Your personal income and savings, paid as wages, are immune to bankruptcy
proceedings. The corporation loses its cash and holdings, but you don't lose
your house.

This is a staggering fiscal and economic advantage. You absolutely should be
paying _a lot_ for it given the net effect on everyone else.

------
Animats
It's significant that The Economist is endorsing this concept. It may now go
mainstream.

This is more of an issue for businesses than for individuals. Businesses get
to choose how they obtain capital, and that decision is often driven by tax
considerations. All the ways companies pay for capital - interest, dividends,
and stock buybacks - should be taxed at the same rate. Right now, there's a
huge tax bias in favor of debt. Borrowing for stock buybacks is a huge
fraction of US corporate borrowing, and it's driven by tax considerations.
That's effectively a very expensive subsidy program.
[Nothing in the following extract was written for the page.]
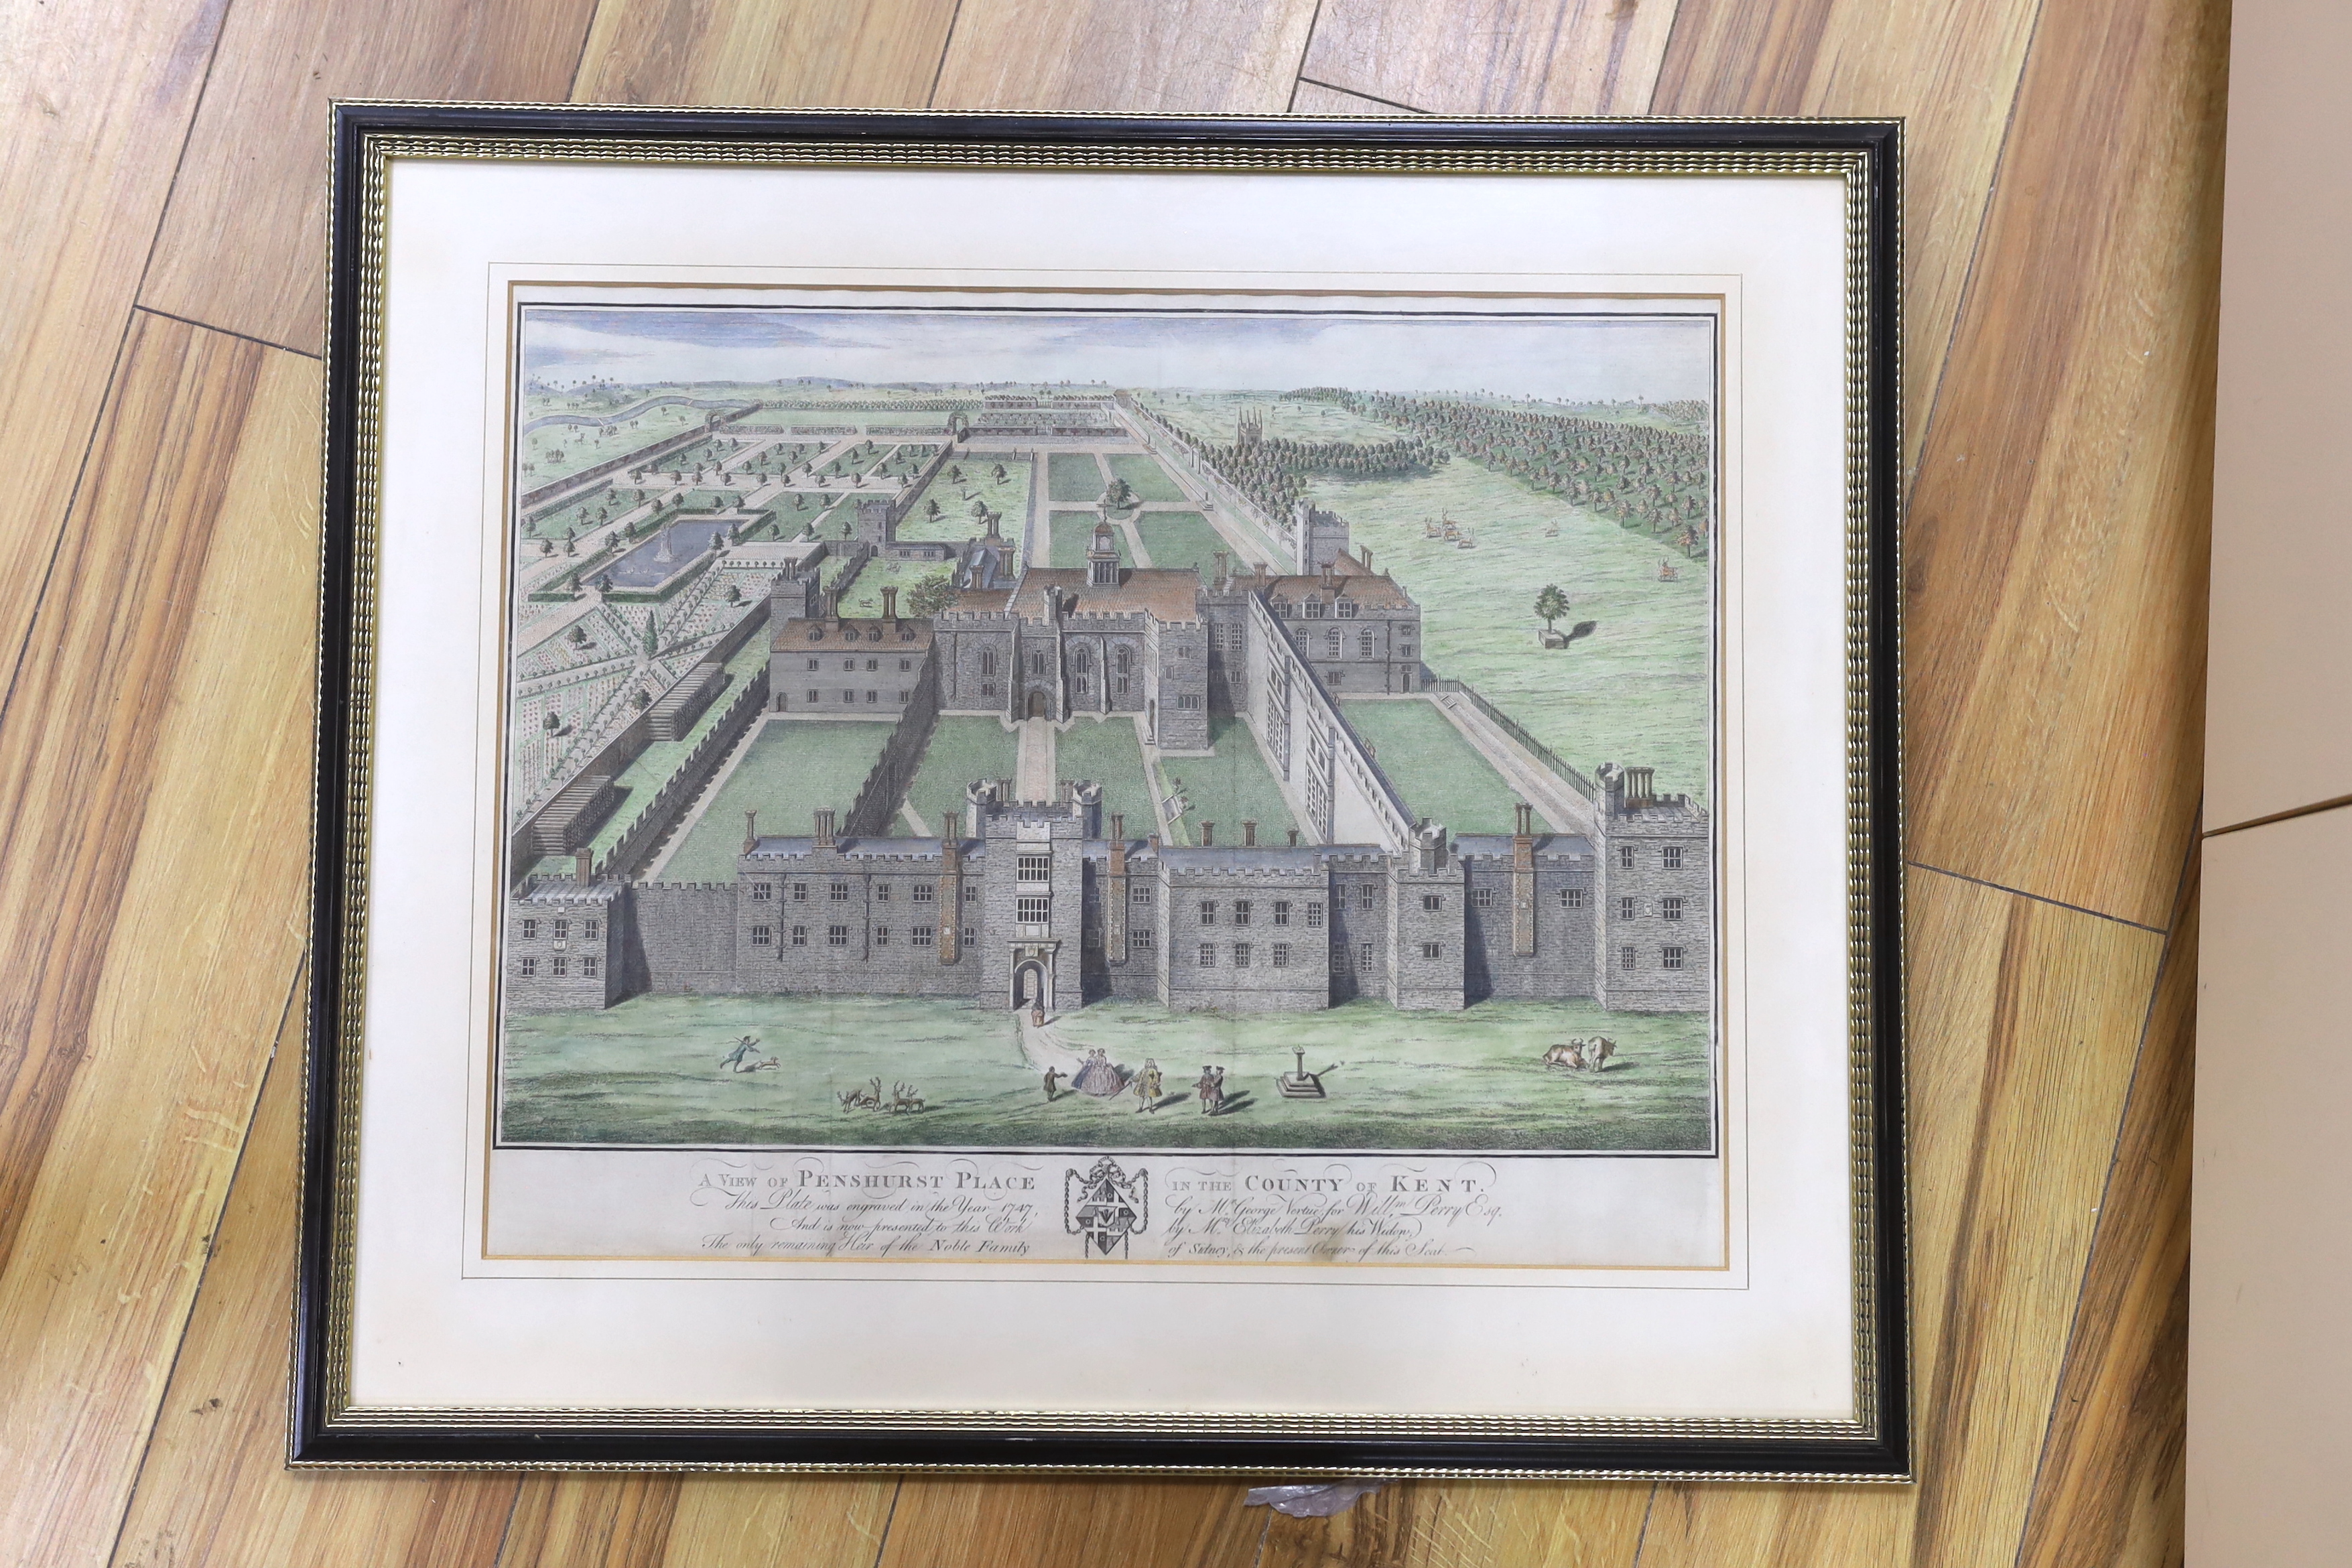 George Virtue (1798-1868) for William Perry, coloured engraving, A view of Penshurst Place in the - Image 2 of 2

Eliminating the tax benefits of debt has systemic advantages. When a company
financed by equity goes under, its stockholders suffer, but the potential loss
is bounded. As we learned in 2008, debt-financed failures cascade. Much M&A,
private equity, and hedge fund activity is fuelled by the tax advantages of
equity to debt conversion. Eliminate those, and much unnecessary financial
activity goes away. The hedge fund industry will scream, but now that it's
well known that hedge funds underperform the market while extracting huge
fees, that's no big loss.

This change shouldn't affect startup companies. Those are almost always equity
funded. Nobody loans to a startup that will probably fail. (There are some
startups with complex debt/equity/warrant deals which exist to get the tax
benefits of debt with the potential upside of equity. That's a tax gimmick,
not lending.)

The overall effect is conservative. By removing a Government policy which
distorts markets, we move back to a system where businesses are primarily
equity-funded. It returns companies to their historical role as payers of
dividends.

It's a good time for this change to business financing. Interest rates are
very low, so the tax impact is also low.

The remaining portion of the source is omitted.